EXERCISE DIRECTIONS: Would you reproduce each line below exactly, leaving every picture out?

STORED DATA:
▶
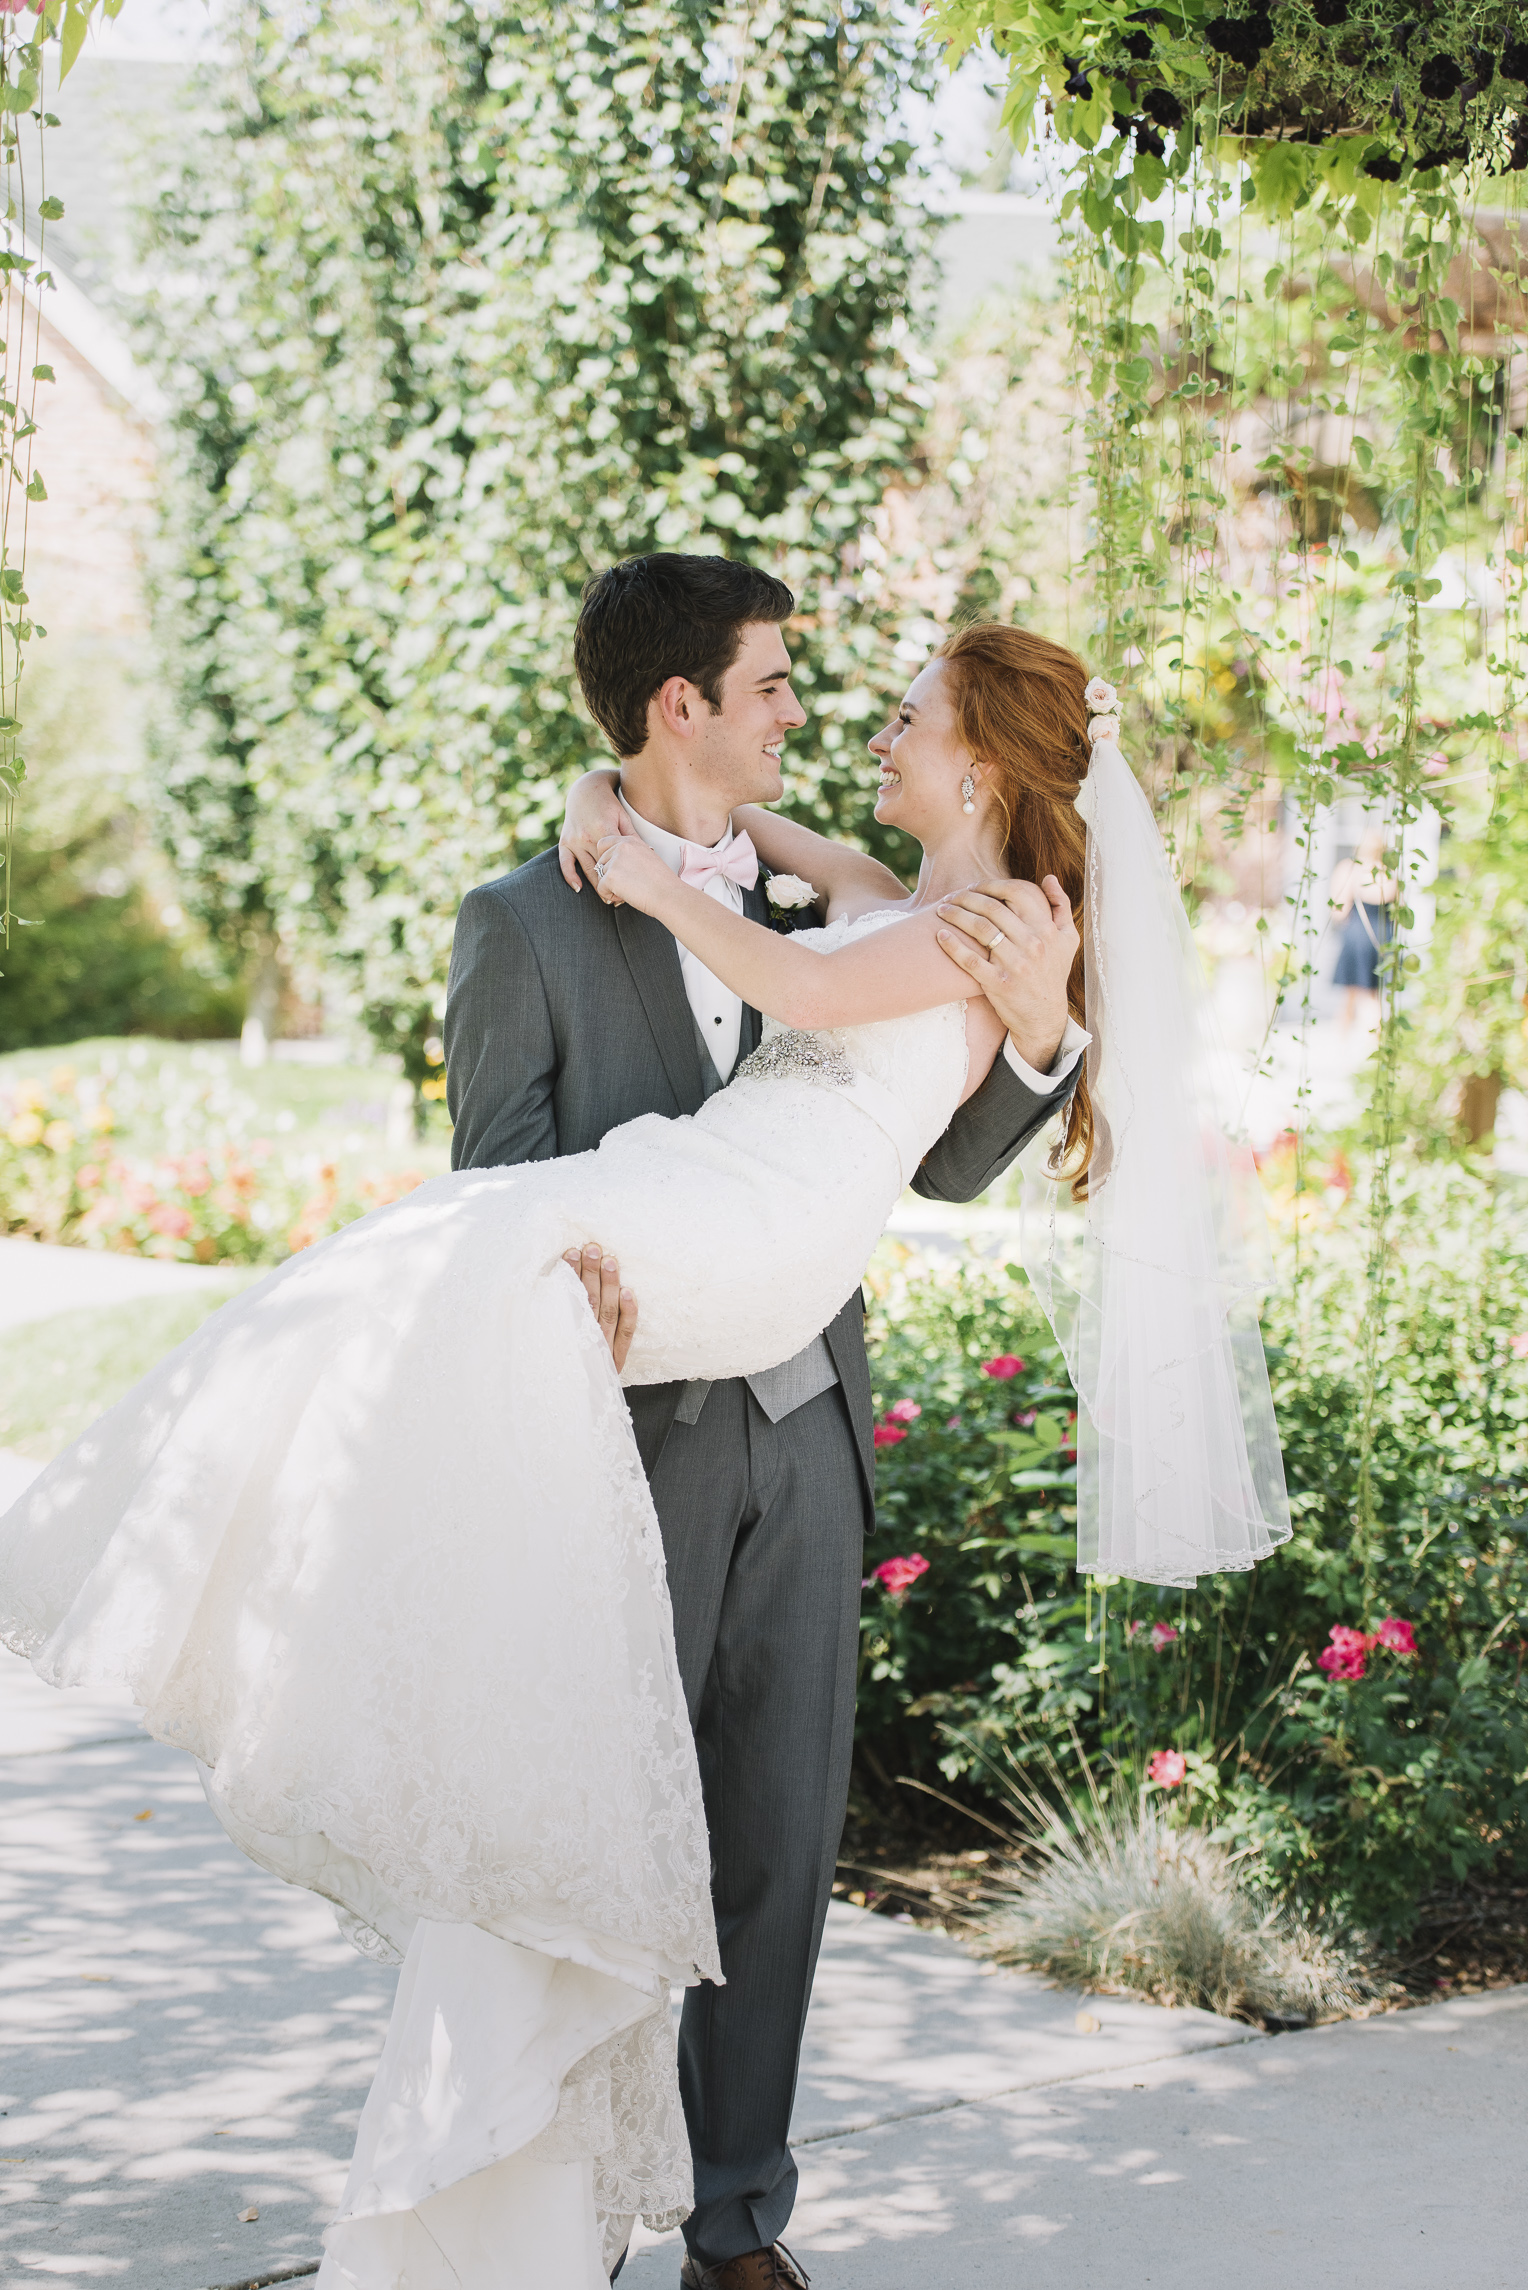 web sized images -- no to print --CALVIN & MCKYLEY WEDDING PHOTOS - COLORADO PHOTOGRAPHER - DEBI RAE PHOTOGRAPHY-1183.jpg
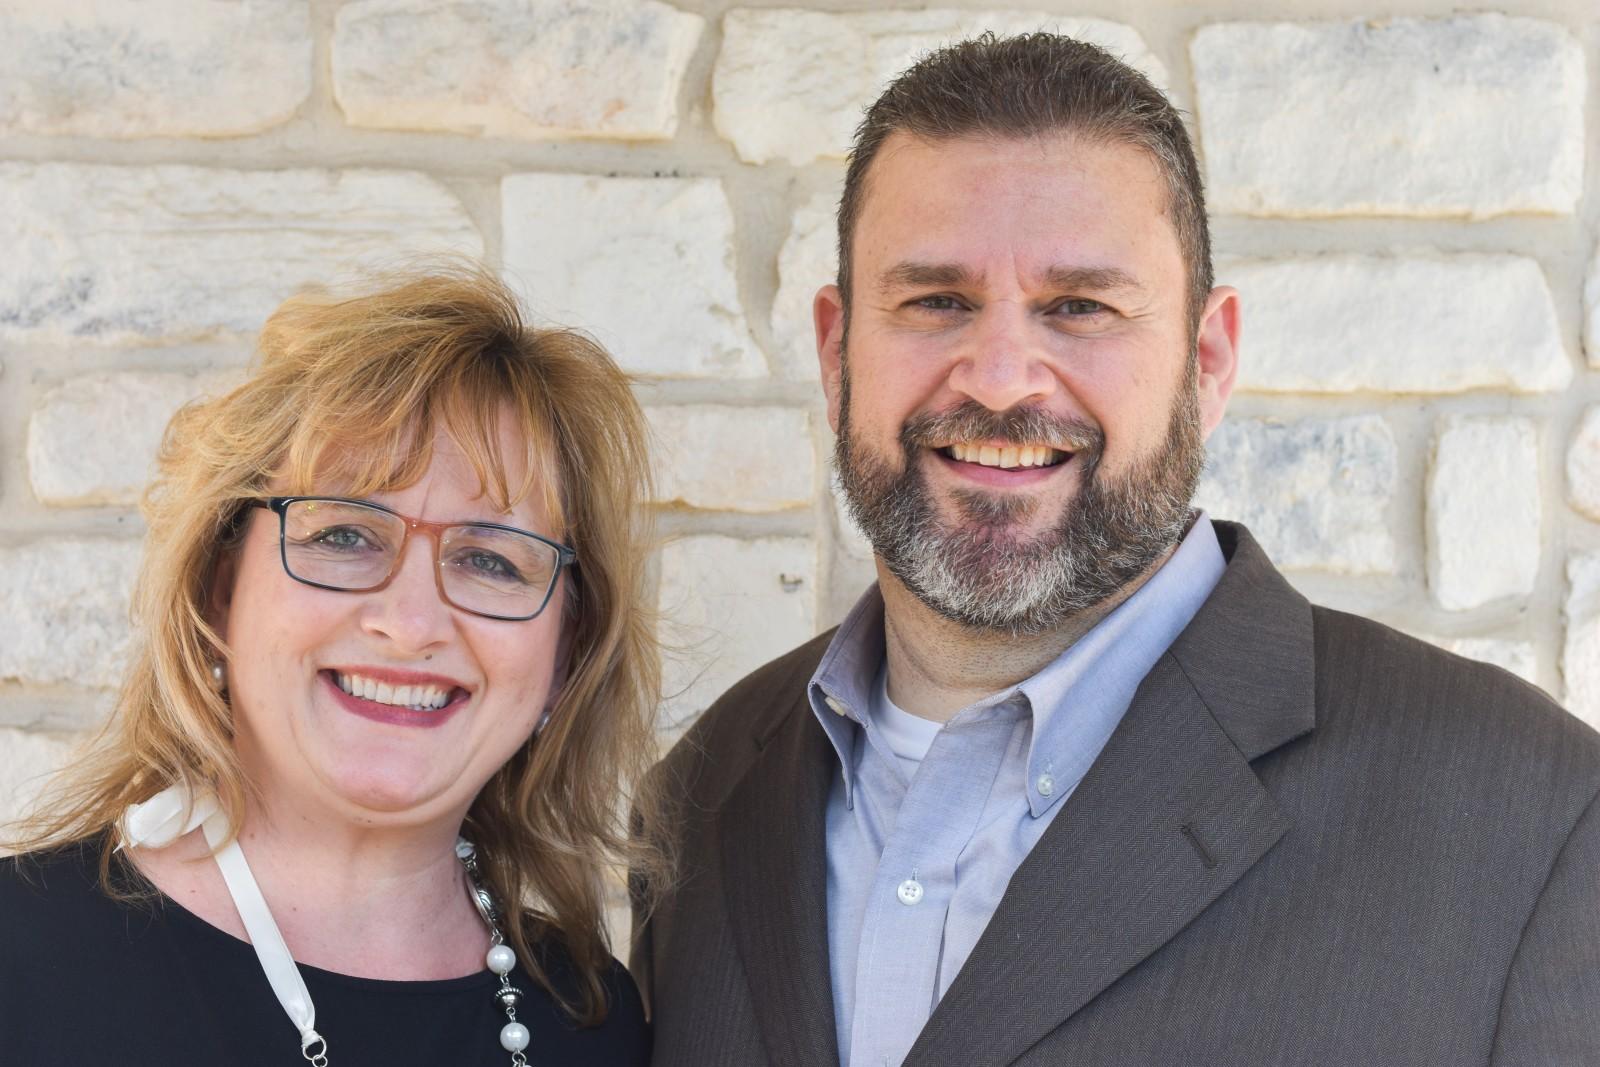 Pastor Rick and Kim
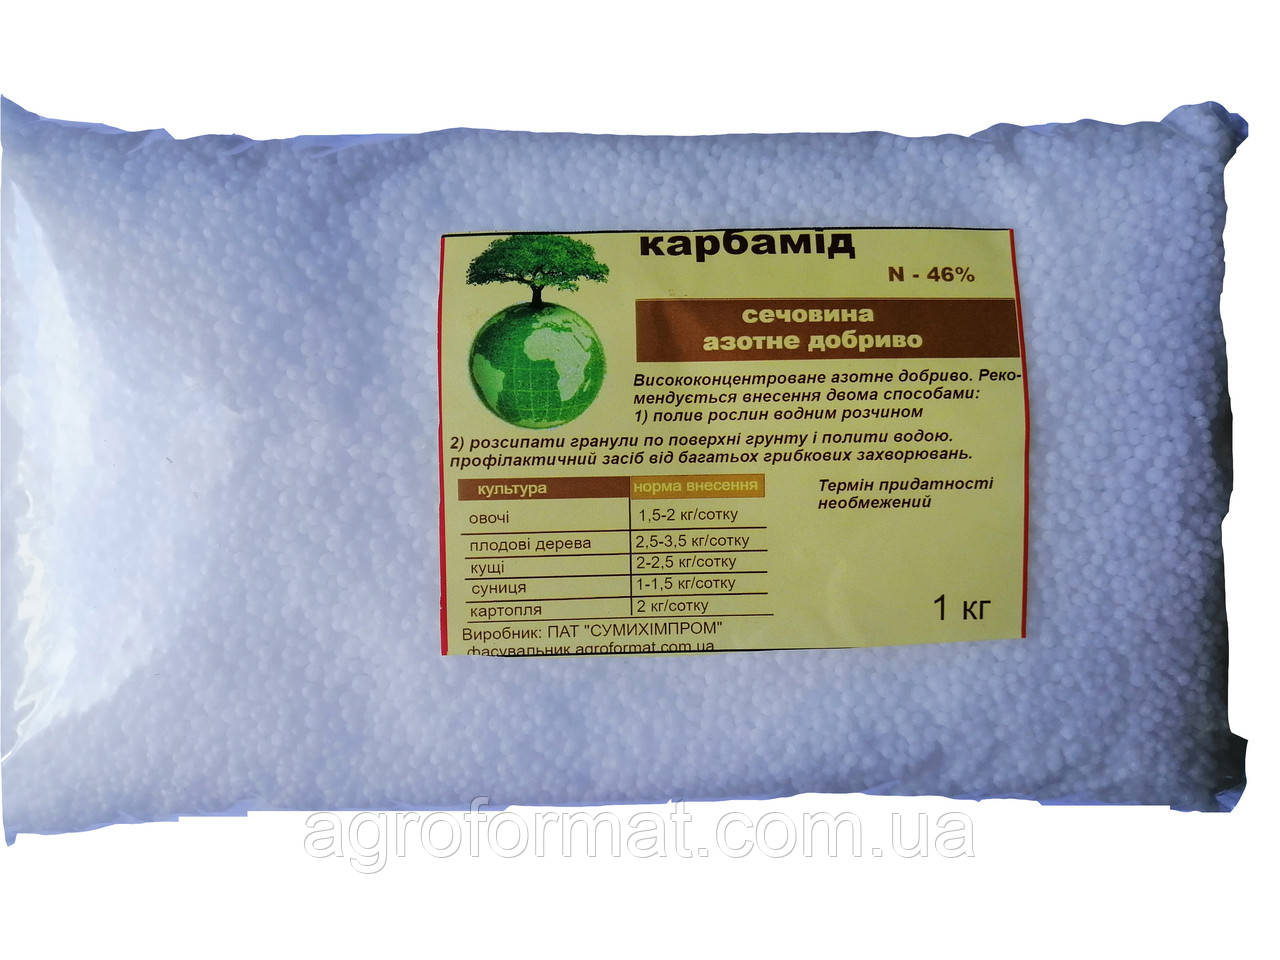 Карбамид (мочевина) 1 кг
◀
OUTPUT OF THE EXERCISE:
 web sized images -- no to print --CALVIN & MCKYLEY WEDDING PHOTOS - COLORADO PHOTOGRAPHER - DEBI RAE PHOTOGRAPHY-1183.jpg
 Pastor Rick and Kim
 Карбамид (мочевина) 1 кг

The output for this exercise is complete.